Adapun OTT, berdasarkan materi Gugatan, secara sederhana dapat dipahami sebagai layanan dengan konten berupa data, informasi atau multimedia yang beroperasi di atas jaringan internet milik operator telekomunikasi. Layanan OTT dibagi menjadi tiga kategori, yaitu aplikasi seperti Whatsapp, Line, Telegram, Skype, Facebook, Twitter, Instagram dan lain sebagainya. Kedua konten atau video on demand seperti Youtube, Iflix, Netflix, Viu, dan lain sebagainya. Kategori ketiga adalah jasa seperti Go-jek, Uber, dan lain sebagainya.
Bila Gugatan Dikabulkan
Kementerian Komunikasi dan Informatika (Kominfo) menyebut apabila permohonan pengujian Undang-Undang Penyiaran dikabulkan, masyarakat tidak lagi lagi leluasa memanfaatkan fitur video over the top (OTT) atau Live dalam platform media sosial (medsos) karena terbatasi hanya lembaga penyiaran yang berizin.

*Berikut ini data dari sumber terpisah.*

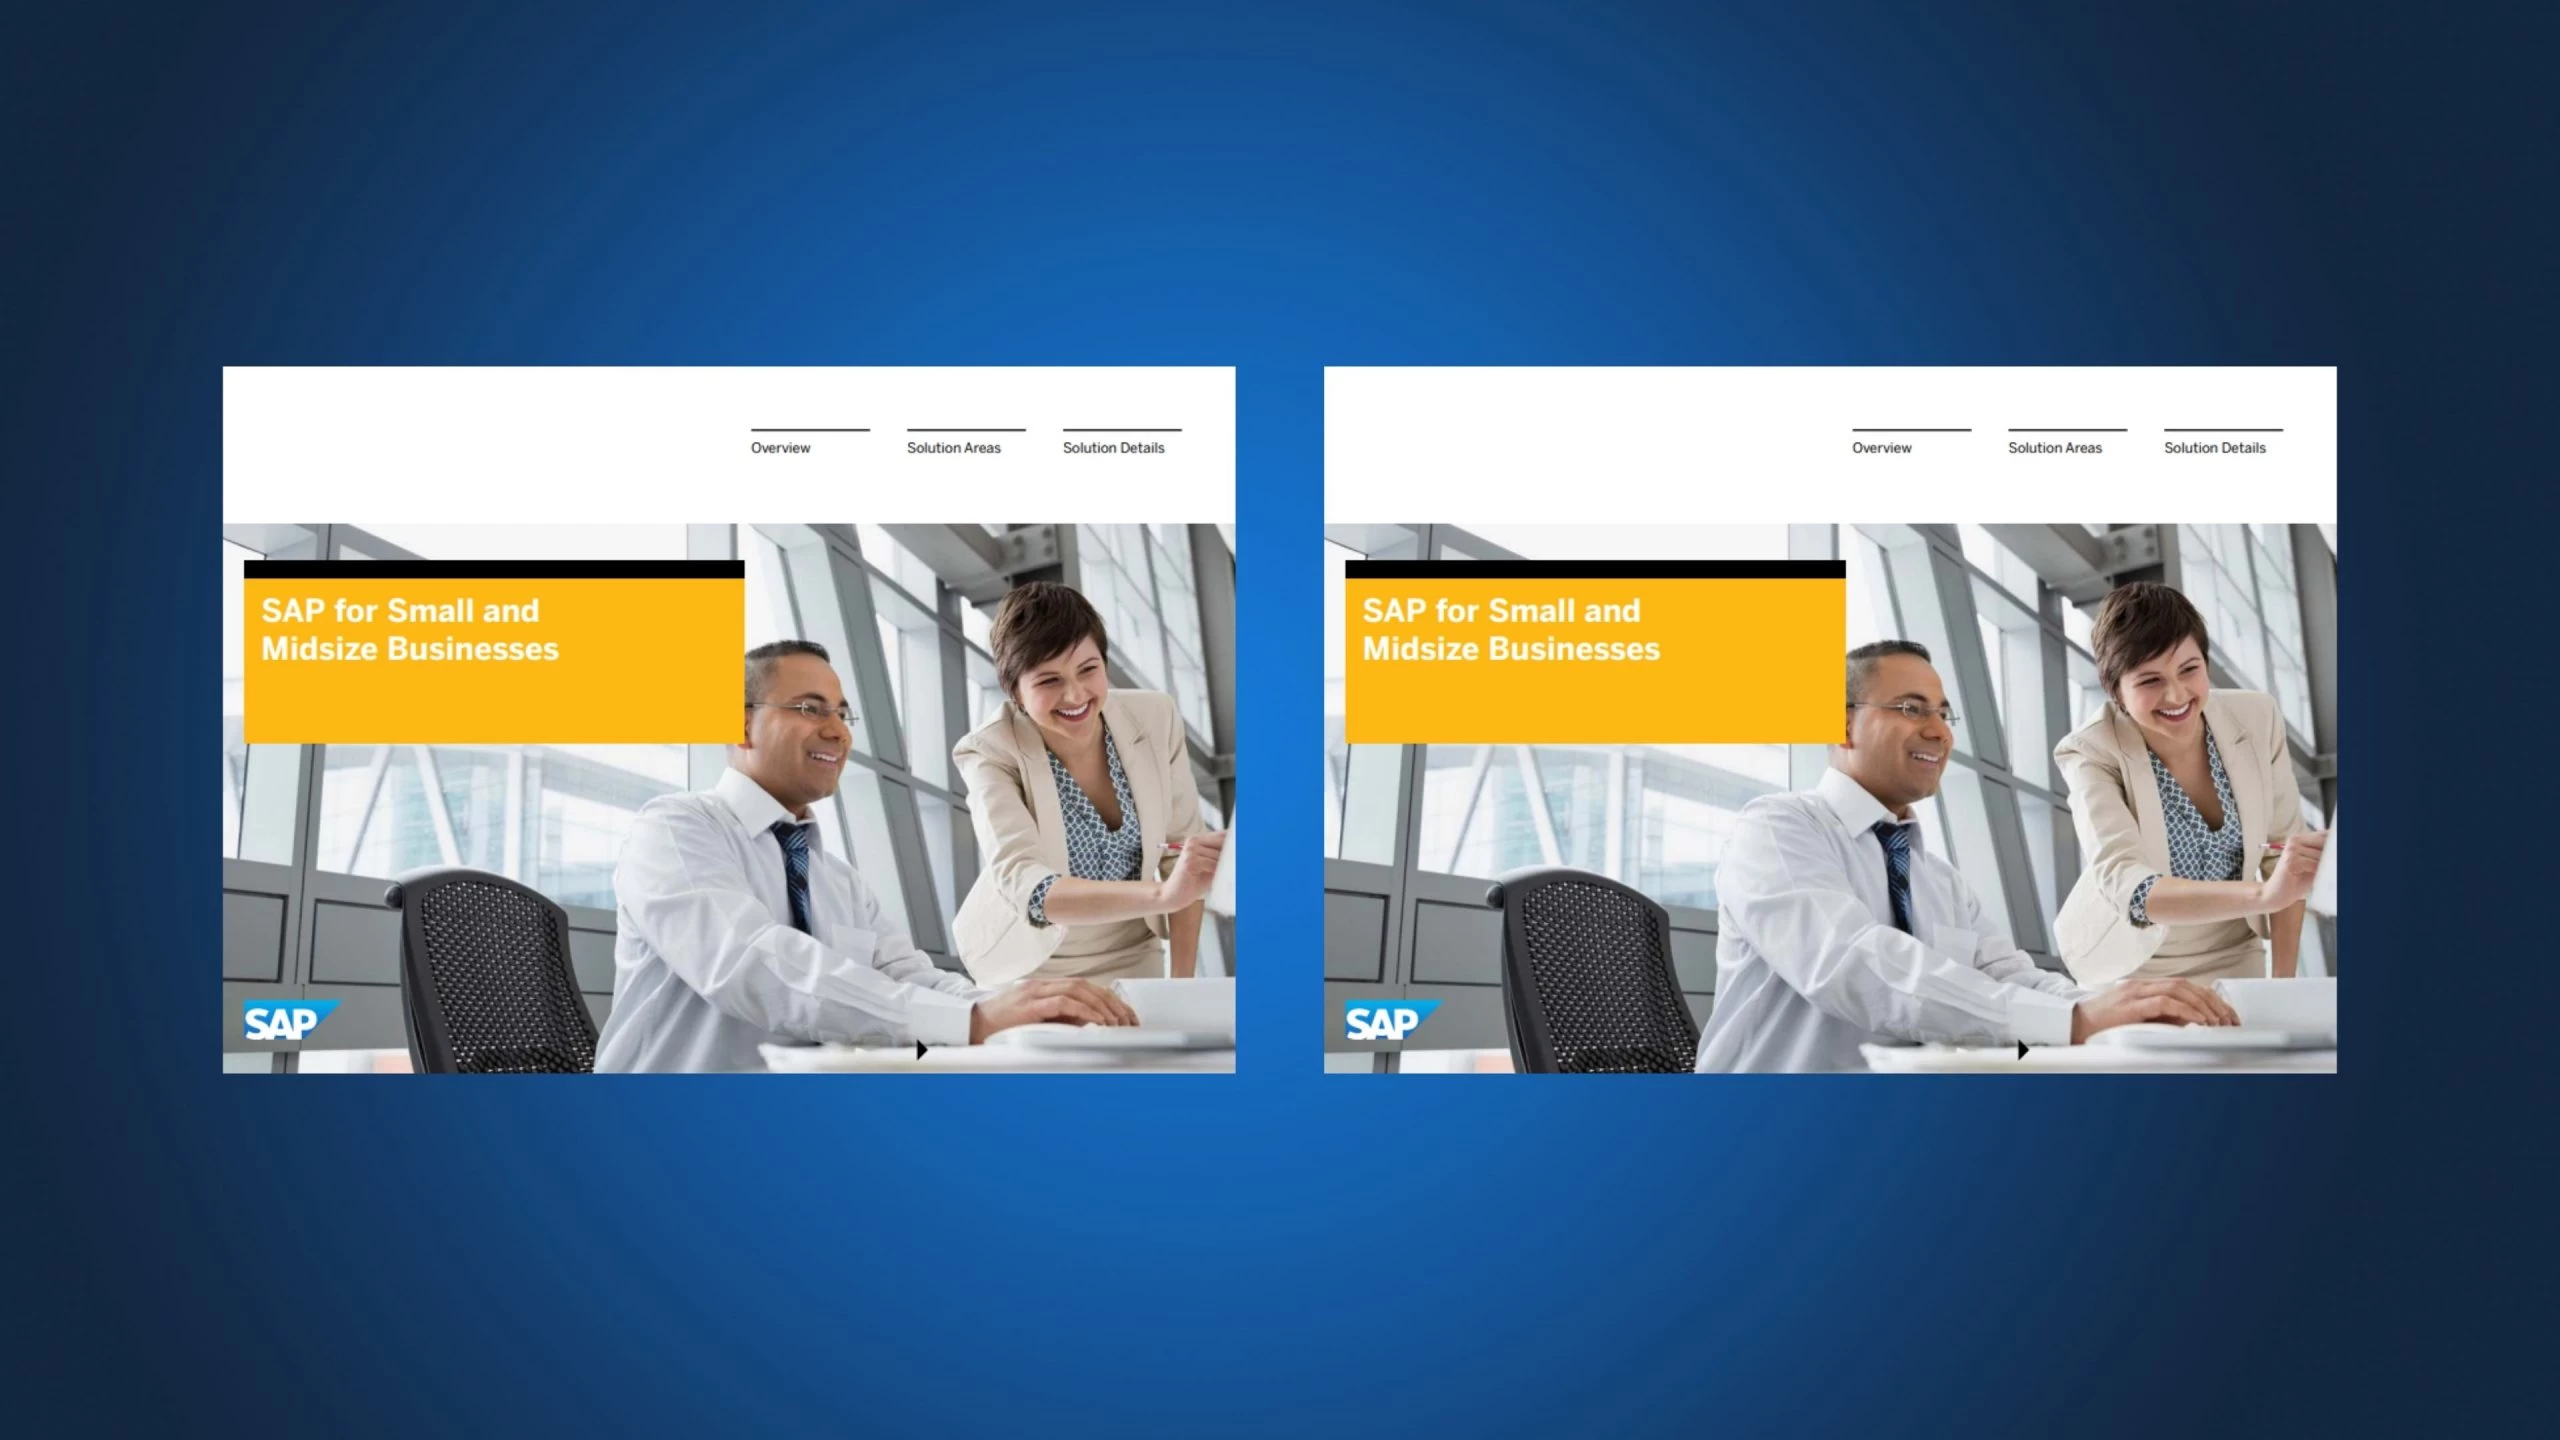 SAP Solutions for Small Businesses and Midsize Companies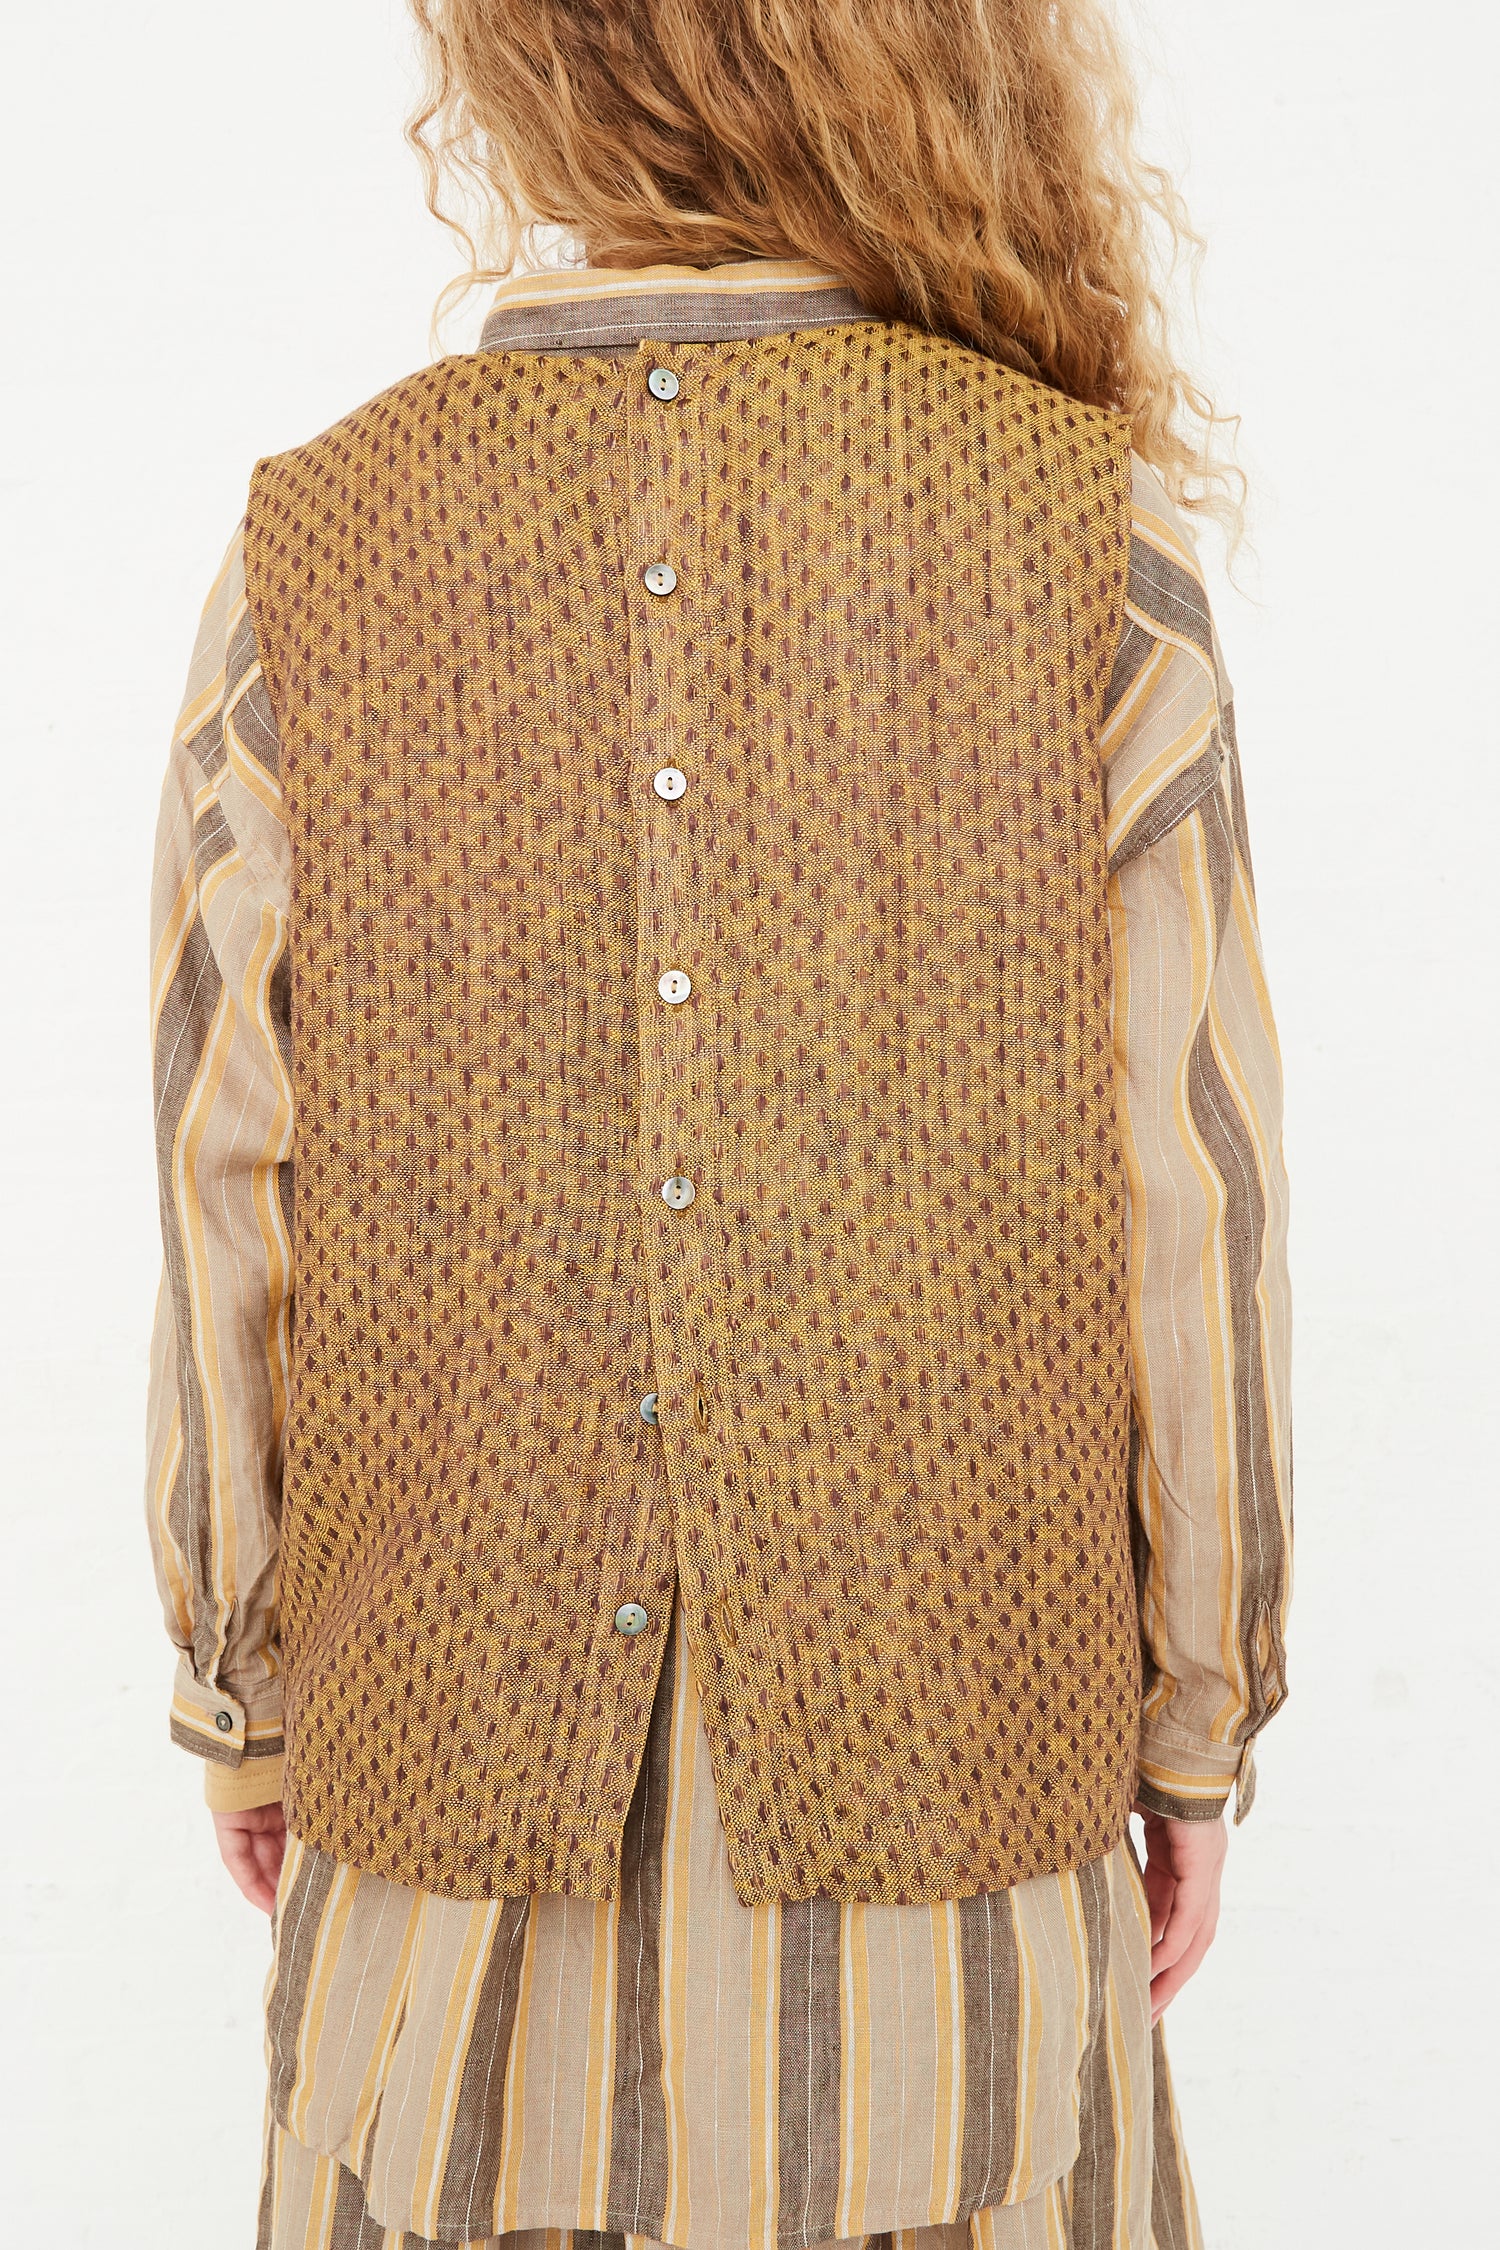 The back view of a model wearing an Ichi Antiquités Linen Dobby Pullover in Camel, available at Oroboro store in NYC.

Direktur Jenderal Penyelenggaraan Pos dan Informatika (PPI) Kominfo Ahmad M Ramli mengatakan, apabila kegiatan dalam media sosial itu juga dikategorikan sebagai penyiaran, maka perorangan, badan usaha, ataupun badan hukum dikatakannya akan dipaksa memiliki izin menjadi lembaga penyiaran.
"Untuk mengklasifikasi layanan OTT sebagaimana bagian dari penyiaran akan menimbulkan permasalahan hukum, mengingat penyiaran telah diatur dengan sangat ketat dan rigid dalam satu regulasi," ujar Ramil secara virtual dalam sidang lanjutan uji materi UU Nomor 32 Tahun 2002 tentang Penyiaran di Gedung Mahkamah Konstitusi, Jakarta, Rabu, 27 Agustus 2020.
Dia menuturkan layanan OTT beragam dan luas sehingga pengaturannya kompleks dan saat ini tidak hanya dalam satu aturan.
Peraturan perundang-undangan yang ada sesuai dengan jenis layanan OTT yang disediakan, di antaranya Undang-Undang Telekomunikasi, Undang-Undang ITE, Undang-Undang Pers, Undang-Undang Pornografi, Undang-Undang Perdagangan, Undang-Undang Hak Cipta hingga Kitab Undang-Undang Hukum Pidana.
Ramli menegaskan layanan OTT di Indonesia terus berkembang, apabila diatur terlalu ketat akan menghambat pertumbuhan ekonomi kreatif dan ekonomi digital nasional.
"Mengatur layanan OTT secara ketat juga akan menghadapi tantangan hukum dalam penegakkan-nya karena mayoritas penyedia layanan OTT saat ini berasal dari yurisdiksi di luar Indonesia," tutur Ramli.